=== Task item ===
Only the pictures are to be left out; please reproduce everything else in the data exactly.

=== Information provided ===
....
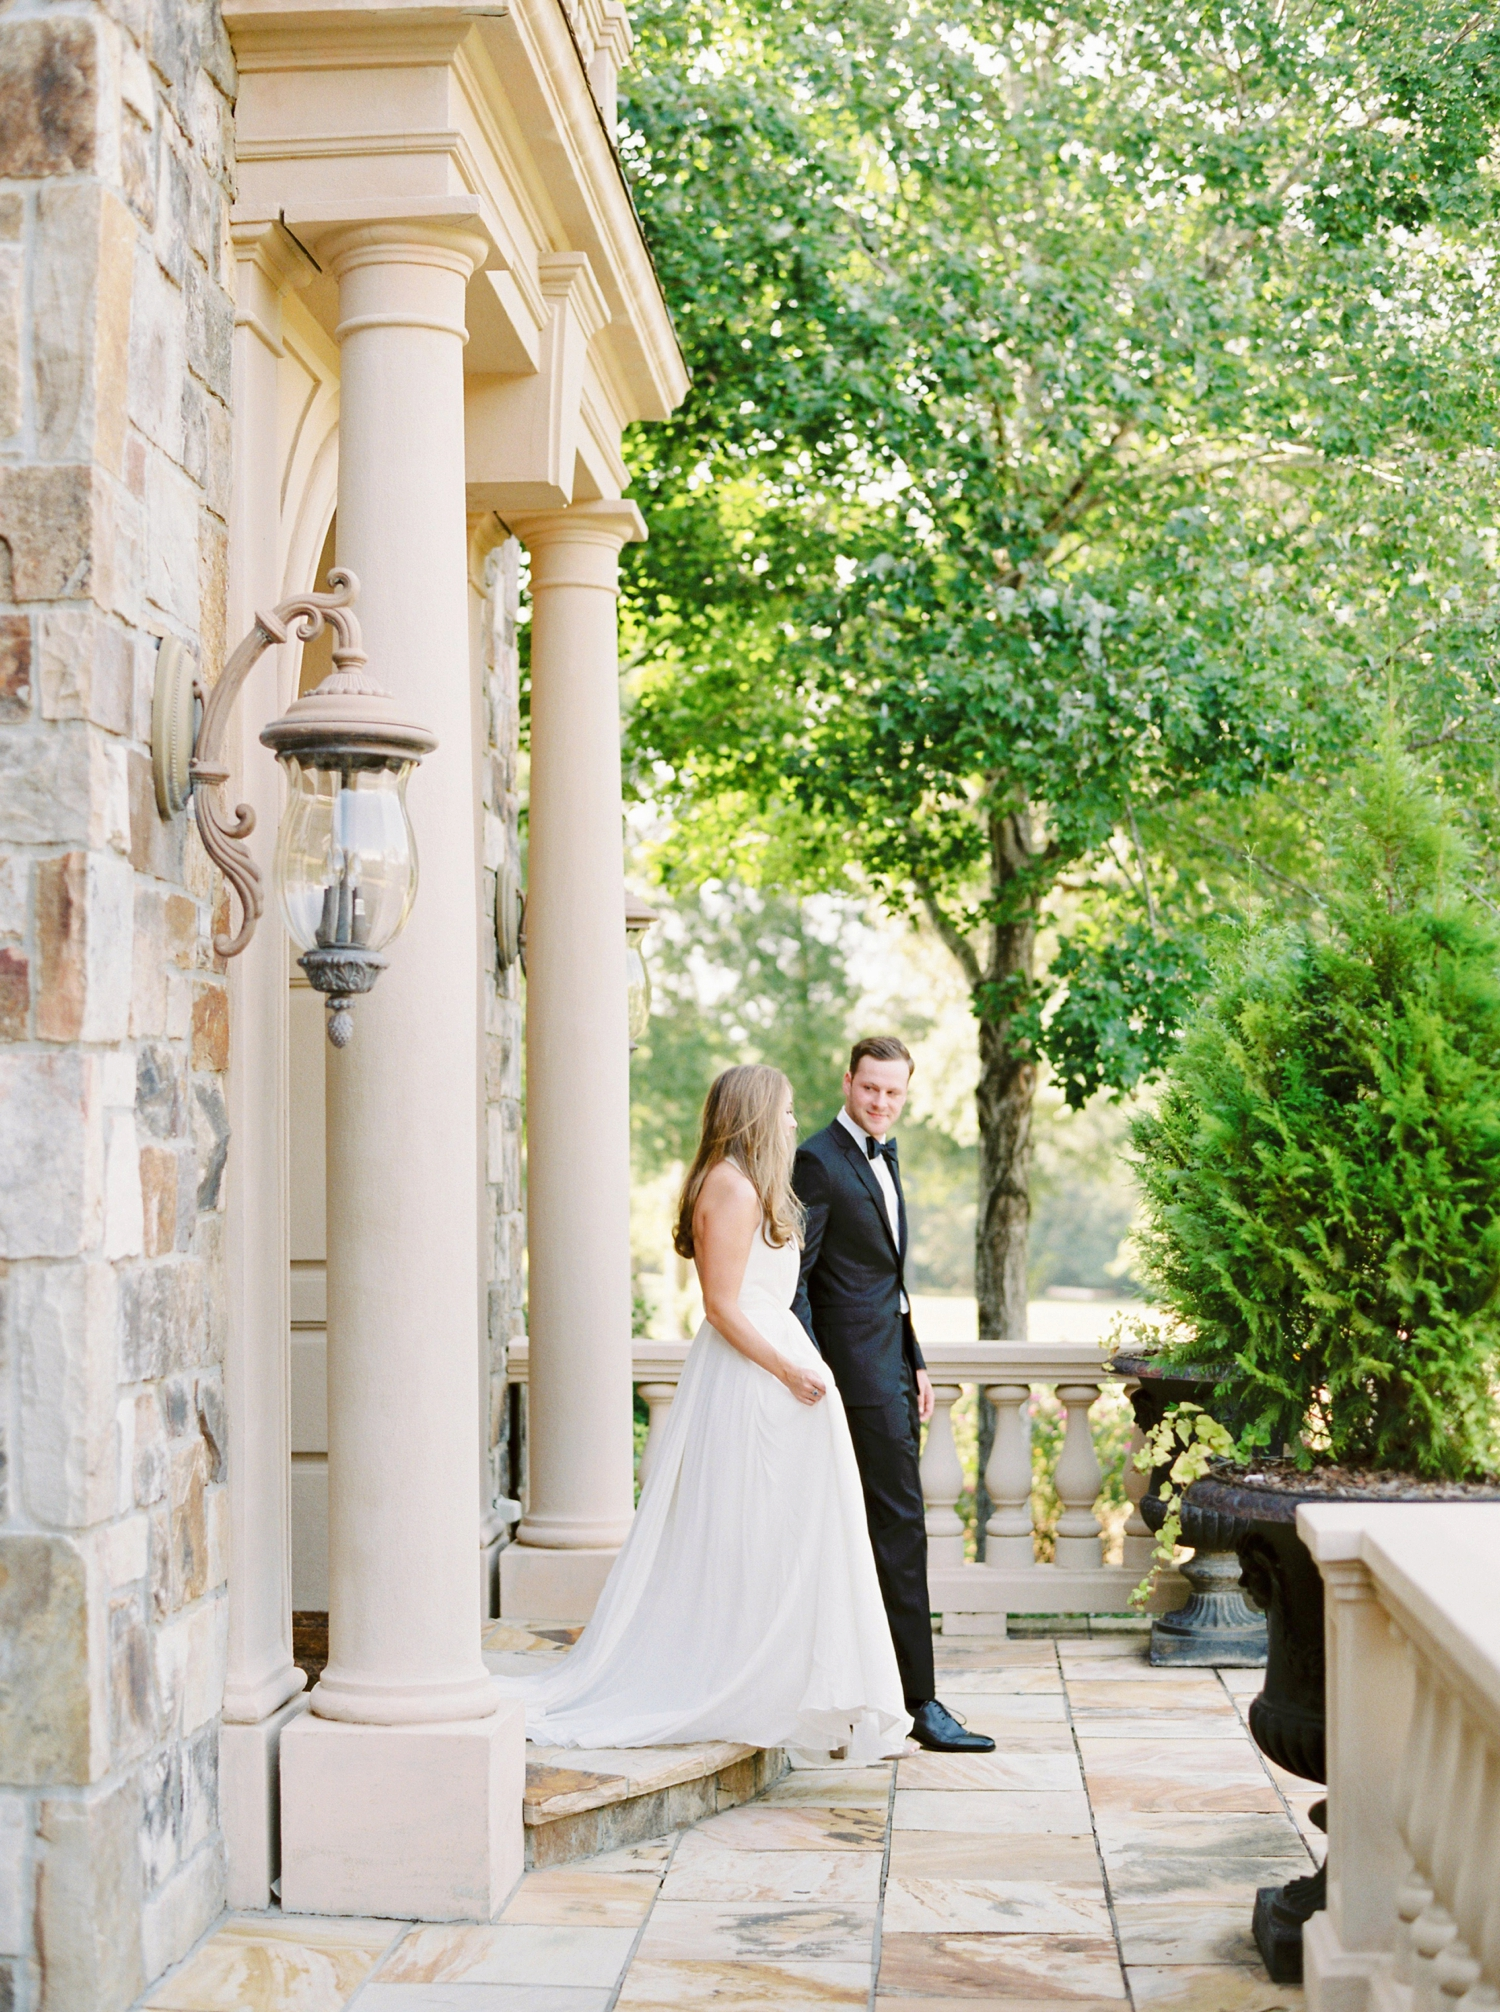 Calgary wedding photographers | georgia wedding photographers | fine art film | Justine Milton Photography | wedding details | georgia wedding | bride and groom portraits
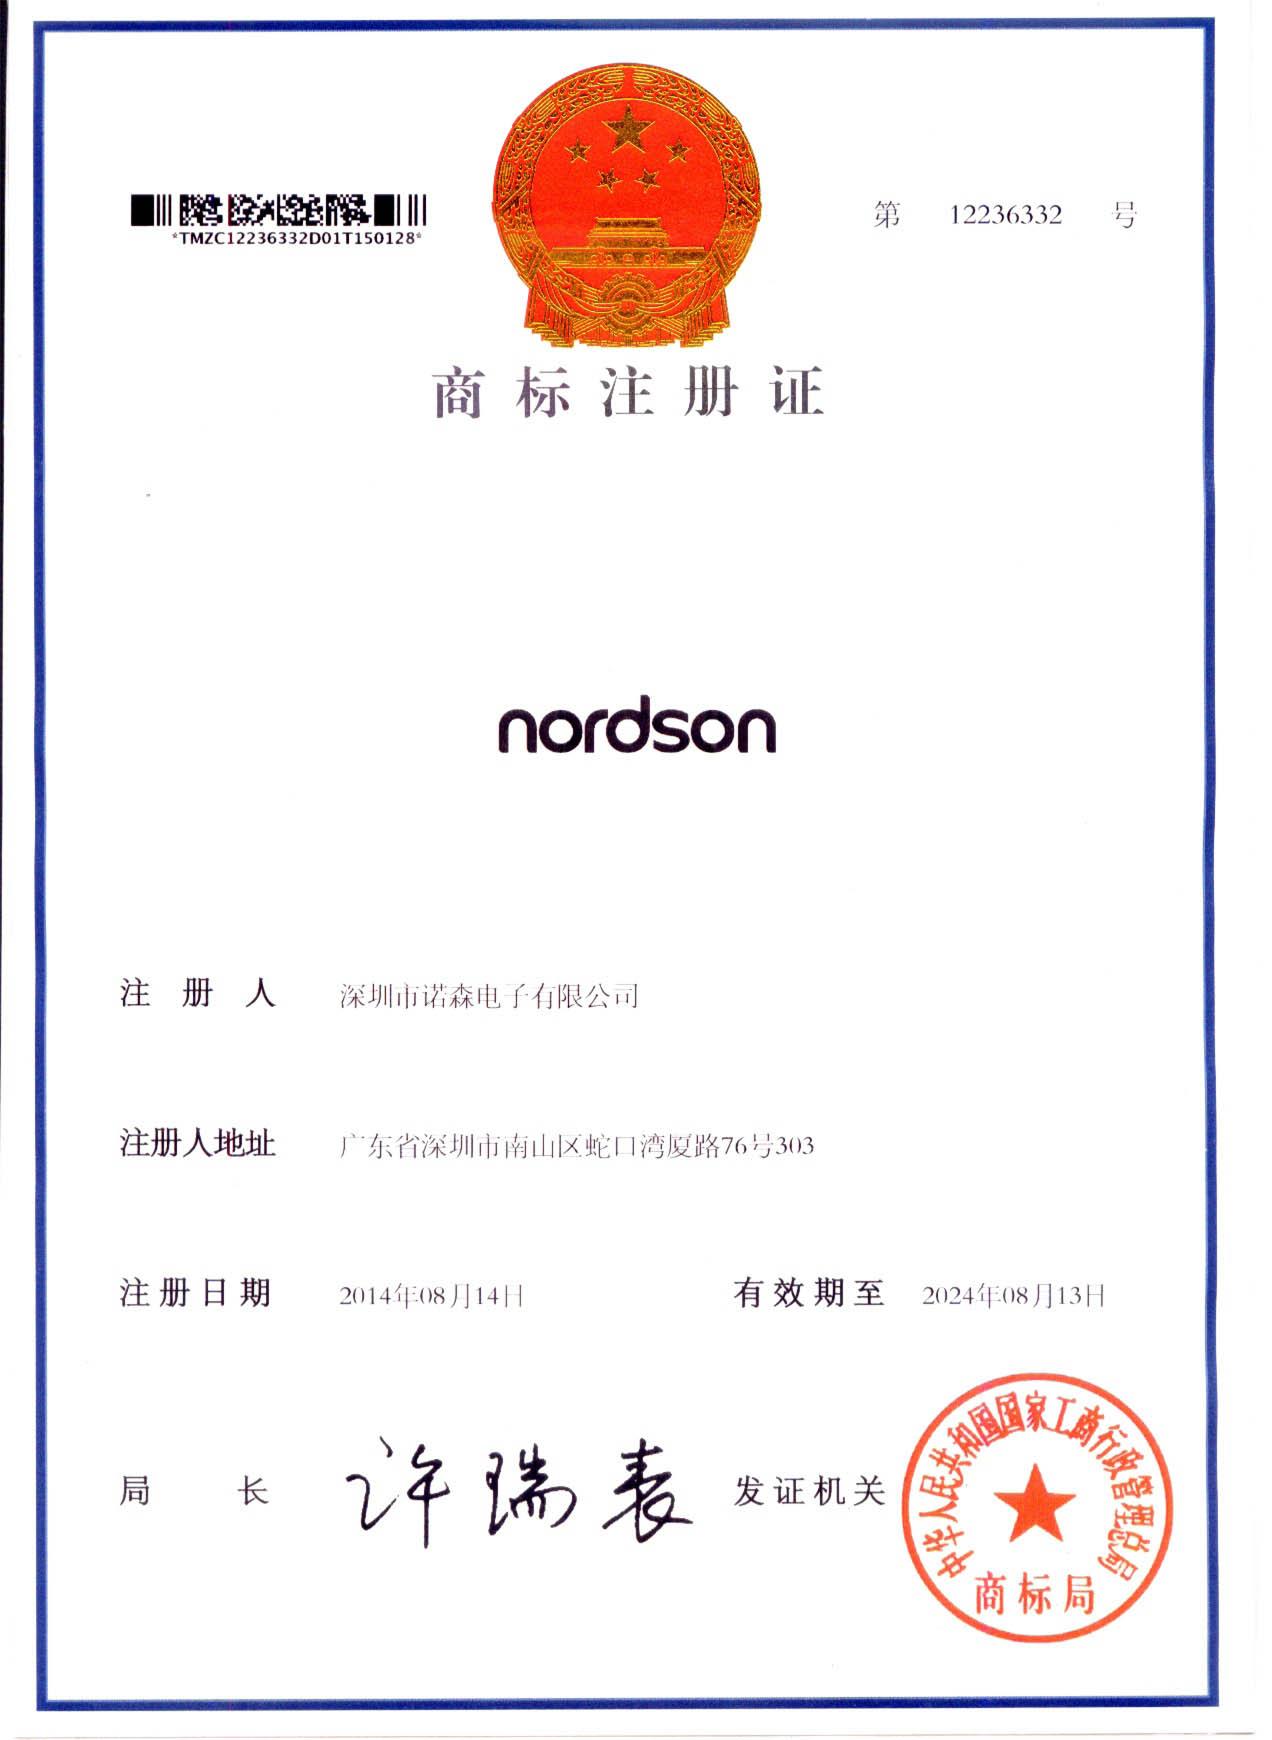 Nordson Registered Trademark
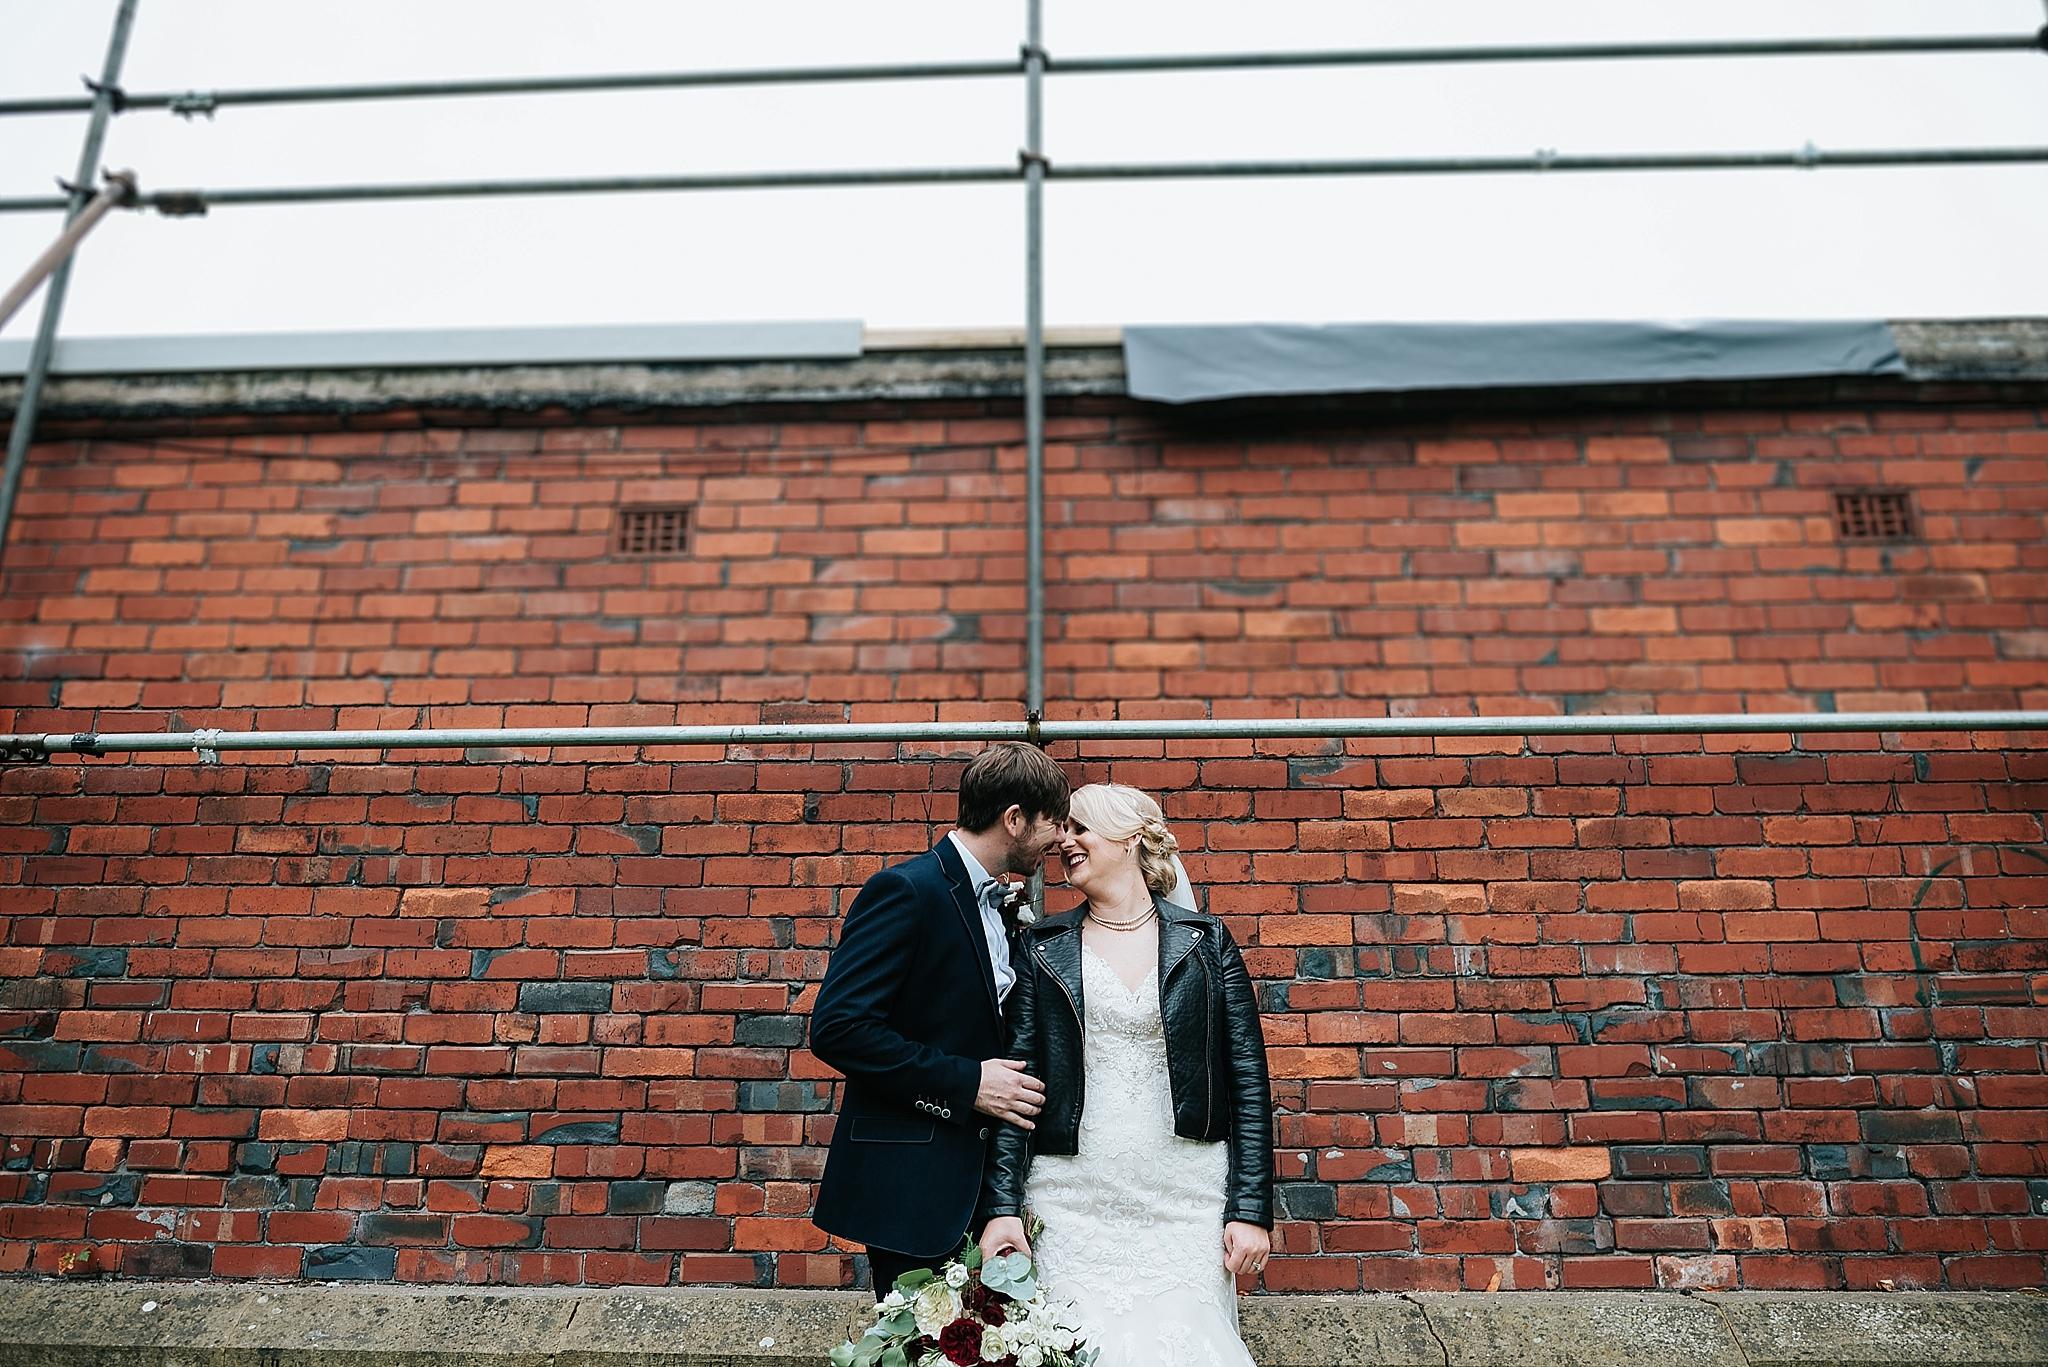 wedding couple in ashton park in lancashire
....
=== Worked solution ===
 Calgary wedding photographers | georgia wedding photographers | fine art film | Justine Milton Photography | wedding details | georgia wedding | bride and groom portraits
 Nordson Registered Trademark
 wedding couple in ashton park in lancashire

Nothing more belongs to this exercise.